JMCQUARRIE.co.uk
James McQuarrie is a UK-based product leader helping teams turn ambiguity into clear direction, fast learning, and real-world products.
On Building and Learning
I’ve (unsurprisingly) seen and been part of a lot of discussions over the last few months about how AI will impact the world.
When disruptive technologies are first introduced there’s an awkward early phase where everyone agrees something important is happening, but nobody is entirely sure what the long-term consequences will be.
We’re very much in that phase with AI right now.

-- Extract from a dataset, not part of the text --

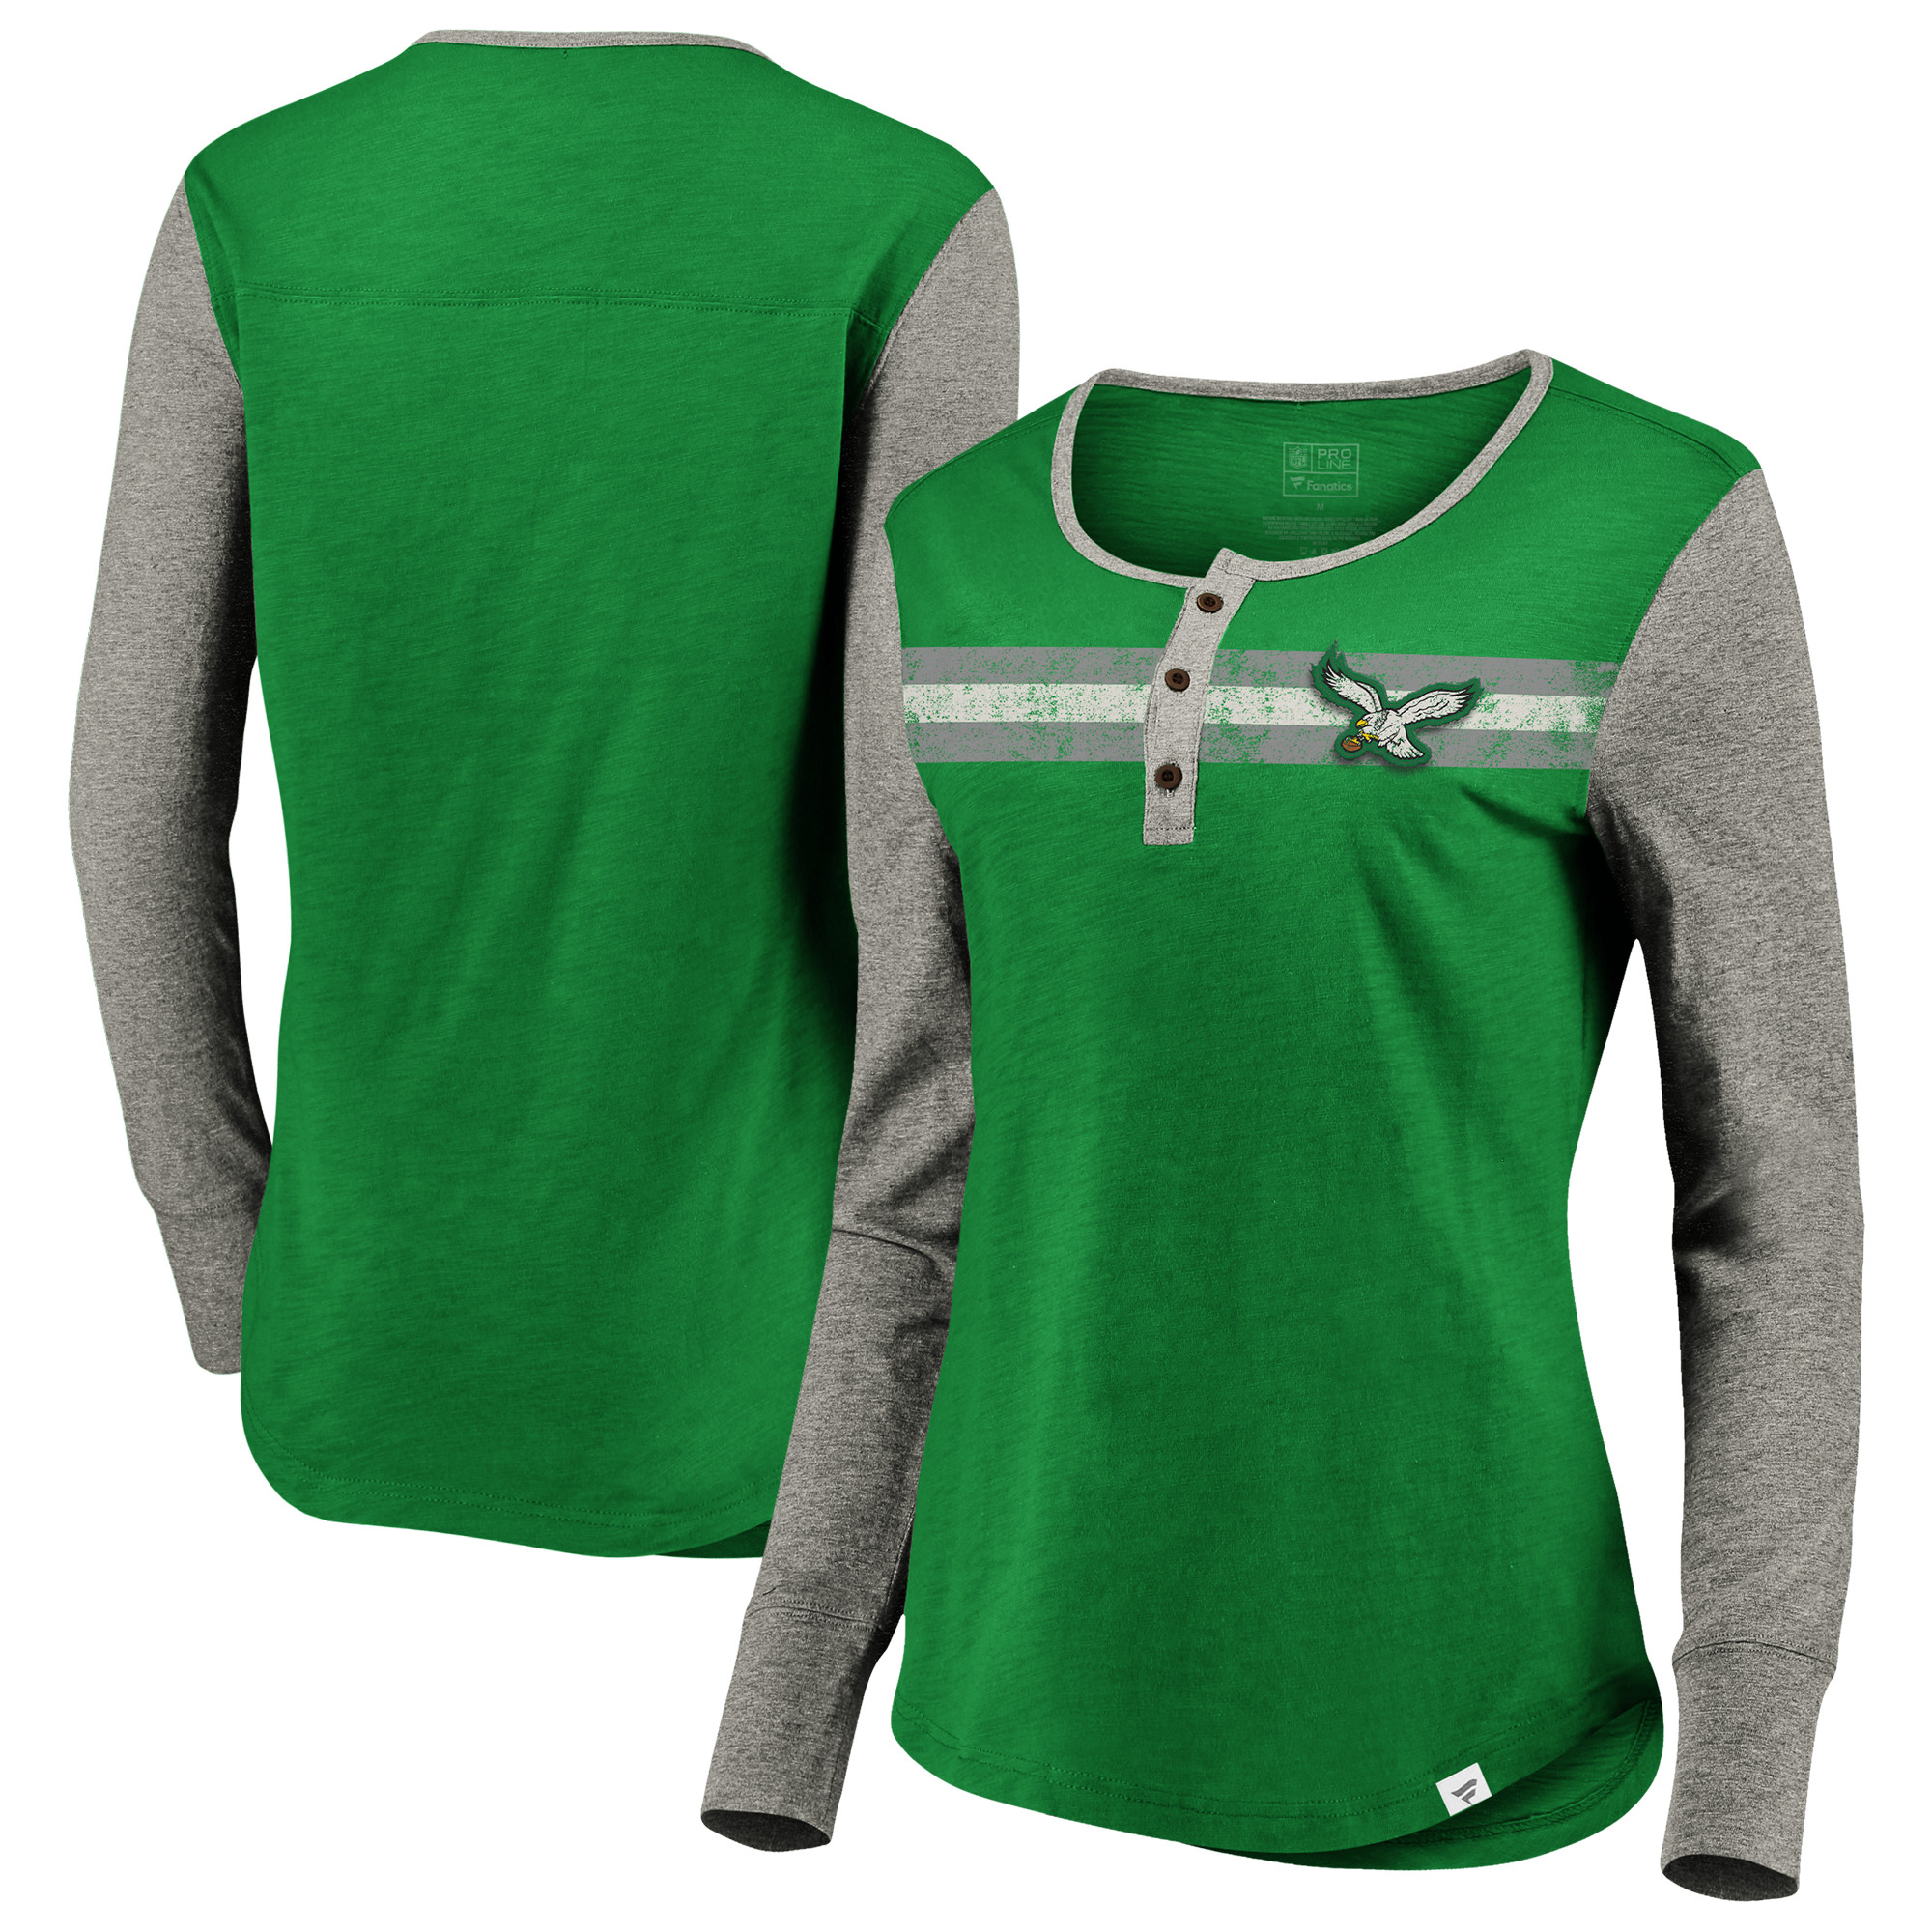 Philadelphia Eagles NFL Pro Line by Fanatics Branded Women's True Classics Retro Stripe Henley T-Shirt - Kelly Green/Heathered Gray

The conversations I’ve been part of have ranged from AI being an existential risk through to it being an enabler of technological utopia. Most sit somewhere in the middle.
What strikes me is how quickly the impact is already being felt in the design and development of digital products and how unevenly distributed that impact is currently.
I’ve spoken with people at companies who have gone all-in on AI. Others are still experimenting cautiously. Some teams are deeply enthusiastic. Others remain unconvinced.
The experience of working with AI in product today seems to vary wildly depending on where you happen to work.
The one thing that does seem broadly agreed upon is that building and shipping software is becoming easier - even if at some cost to code quality.
Whether that’s through AI-assisted coding, design tools, research tools or something else entirely, the cost - especially in terms of time taken to ship - of turning an idea into a working product is falling.
Most of the discussion I’ve seen focuses on that point.
Teams can build more.
Founders can build without needing as much specialist support.
Experiments that previously wouldn’t have justified the investment can now be explored.
All of which is interesting.
What I’ve found myself wondering, though, is whether the hype and uncertainty that AI presents is leading people to pay too much attention to how quickly we can now build and not enough to what we’re actually learning.
For years, product teams have talked about the importance of learning quickly. Anyone who’s worked with me will be bored of hearing me talk about how we might “optimise for speed of learning”.
Shipping fast and often is a core component of learning quickly, but the goal was never to ship features for the sake of it. It was to better understand customers, markets and opportunities, so that future decisions could be made with greater confidence.
If AI lowers the cost of building, then our ability to generate ideas and ship experiments increases.
But, that doesn’t automatically mean our ability to learn increases too.
In fact, I can see a world where the opposite becomes true.
A company that ships fifty experiments and learns very little from them is unlikely to outperform a company that ships ten and meaningfully changes its understanding of customers after each one.
I’m not convinced that the winners of the AI powered future will be the companies that build the fastest.
I suspect they’ll be the companies that use AI to learn, adapt and iterate faster.
Building has always been a means to an end.
Perhaps that is the disruption worth paying attention to: not that AI makes it easier to build, but that it makes it easier to mistake building for learning.